My strongest memory of the car is driving around the country roads in South-Central Indiana listening to John Mellencamp. The car did not have a CD player, and in a time of transitioning technology, I had an adapter that allowed me to connect my portable CD player through the tape-deck. I don’t remember whatever happened to the car. It my mind it seems to have just one day disappeared, but I know it was history by the time I went to college and I was driving….
1989 Merkur XR4TI
I remember the first time I ever laid eyes on the Merkur. It was at Flick’s, a used car dealership in my hometown of Martinsville, and it was beautiful. It was the summer between my senior year of high school and freshman year of college, I was working at FedEx and again saving money for a car. I took it for a test drive and I wanted it. I don’t remember exactly how much I paid for the car, but it was a stretch. The car was a ton of fun to drive. I had moved up in the world — I had a built in CD player, a sunroof, heated leather seats, and a car with plenty of zip. I loved that car.
At college, I met a guy named Todd Bushong who lived a few doors down from me. The first time we walked out to my car to go somewhere he went nuts. He’d seen the car sitting in the parking lot outside of our dorm and had looked at it with envy. He couldn’t believe it was mine. The summer after my sophomore year of college, I drove the car to California. The car would never return. At summer’s end, somewhere in the desert between Los Angeles and Las Vegas, that car went up in flames and burnt to a crisp. I kid you not. It’s a story I’ve been meaning to tell on this blog for a long time, and I plan to do so later this week. It’s a grand story and I’ve got photos to document the tale.
1991 Chevy Cavalier
When the Mercur went up in flames, some kind of deal was struck with my parents for me to acquire their Chevy Cavalier. If, for me, a car was ever just a mule, this was that car. The Cavalier did faithfully serve me, though. I drove it during my junior year of college and then it took me back to California the following summer. That car, too, would never return to Indiana. Because I was only returning to college for the fall semester to finish school and then return to California permanently after Christmas, I made arrangement to store the car with a friend in Santa Barbara and then borrow my parents ’81 Oldsmobile for my final semester of college.
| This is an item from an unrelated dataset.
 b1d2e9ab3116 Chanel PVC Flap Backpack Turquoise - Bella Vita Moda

Funny enough, the Olds’ actually died on my watch. I packed it up after I finished finals and started to drive home but only got a few miles down the road before I was broken down. The Olds’ was dismissed to the ash heap of history. When I got to California, the Cavalier was waiting on me. It was a boring yet reliable vehicle. It didn’t have heated leather seats a sunroof, or the zip of the Merkur. Heck, I was even forced to revert back to using a tape-deck. But it also didn’t catch on fire. Driving to work one day, the light turned yellow and I stepped on the gas to get through the light. On the other side of the intersection, cars were stopped and I slammed into the car in front of me. Insurance totaled the car, but there was really nothing wrong with it other than the fact that the hood was bent up toward the windshield. So I took a sledgehammer to beat it back down and took the insurance money and did God knows what. This is the car I was driving when I met my wife, and I have always said that I know Monica didn’t choose me because of the car I drove. Finally, one day the car broke down while I was driving to work. I pulled over and parked it by the side of the road and walked the rest of the way to work. I never drove it again.
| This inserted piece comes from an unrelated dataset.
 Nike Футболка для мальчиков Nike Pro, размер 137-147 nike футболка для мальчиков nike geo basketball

2001 Ford Mustang Convertible
I was 22 years old, I made good money, and I lived in Santa Barbara, California. When my Cavalier broke down, though, I was prepared to make a very practical choice. I had my mind set on finding a Ford Explorer that was 3 or 4 years old. My roommate was my chauffeur when we went to the dealership, and the smart people that design the way these lots are laid out do it in a way where you’re forced to walk by the Mustangs before you get to the late model Explorers. My friend laid out my life for me. He told me I was going to buy an Explorer, then Monica and I would eventually get married. I’d get a mini-van and for the next several years tote my family around in this very convenient yet very “sigh…” vehicle. Then my kids would get older and I would end up with some boring sedan. This moment was my moment. This was my chance. If I made a bold decision in the choice of my next car I could change the entire trajectory of my life.
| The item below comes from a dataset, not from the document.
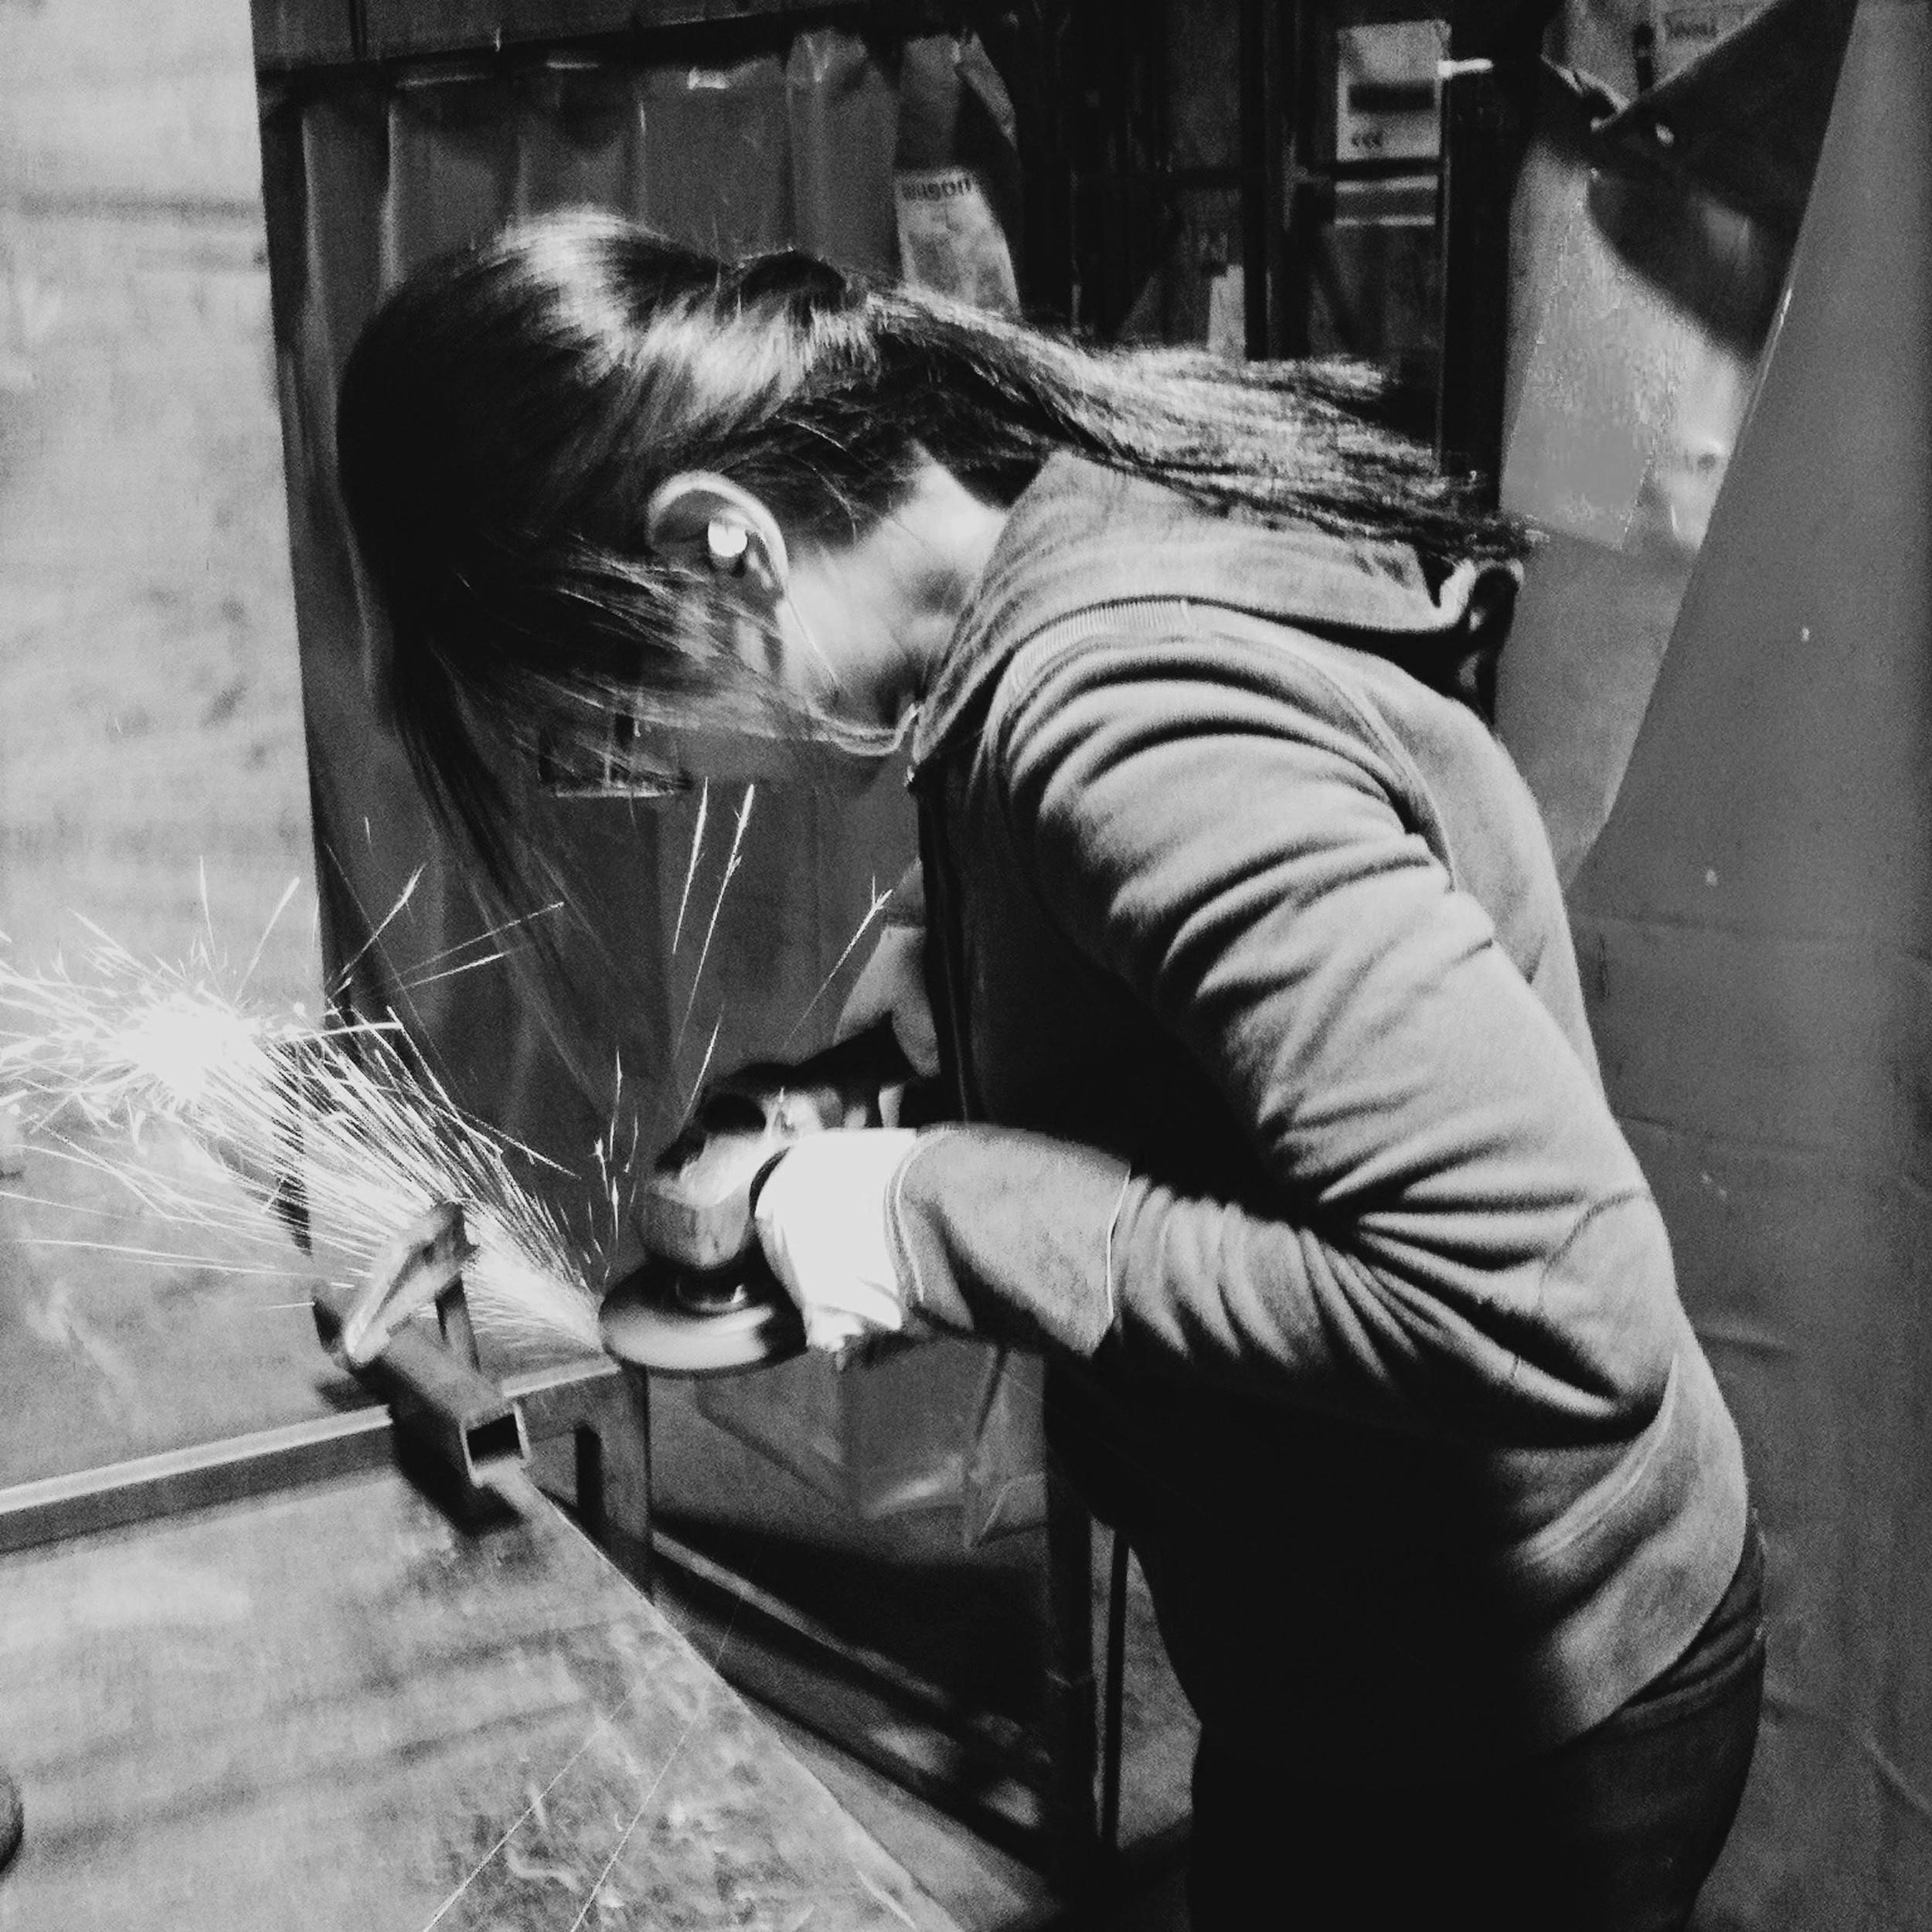 Evangeline Pesigan working on the Latag

I never got past the Mustangs. I never even looked at the Explorers, let alone taking one for a test drive. I got behind the wheel of that Mustang and I never looked back.
I’ll always look back at that car as a special one. It symbolizes a special time of my life. I remember driving home from Monica’s house late at night and listening to Elvis with the top down. I remember driving home the night before my wedding with friends and listening to and singing at the top of our lungs the song “500 Miles.” I remember the dozens of road-trips Monica and I took up and down the coast of California in that car.
In the last year I was an employee and before we had kids, I’d get up very early every morning and drive into downtown Santa Barbara where I spent time reading and writing at my favorite cafe. It’d still be dark, but I’d have the top down. I loved it. I loved that car.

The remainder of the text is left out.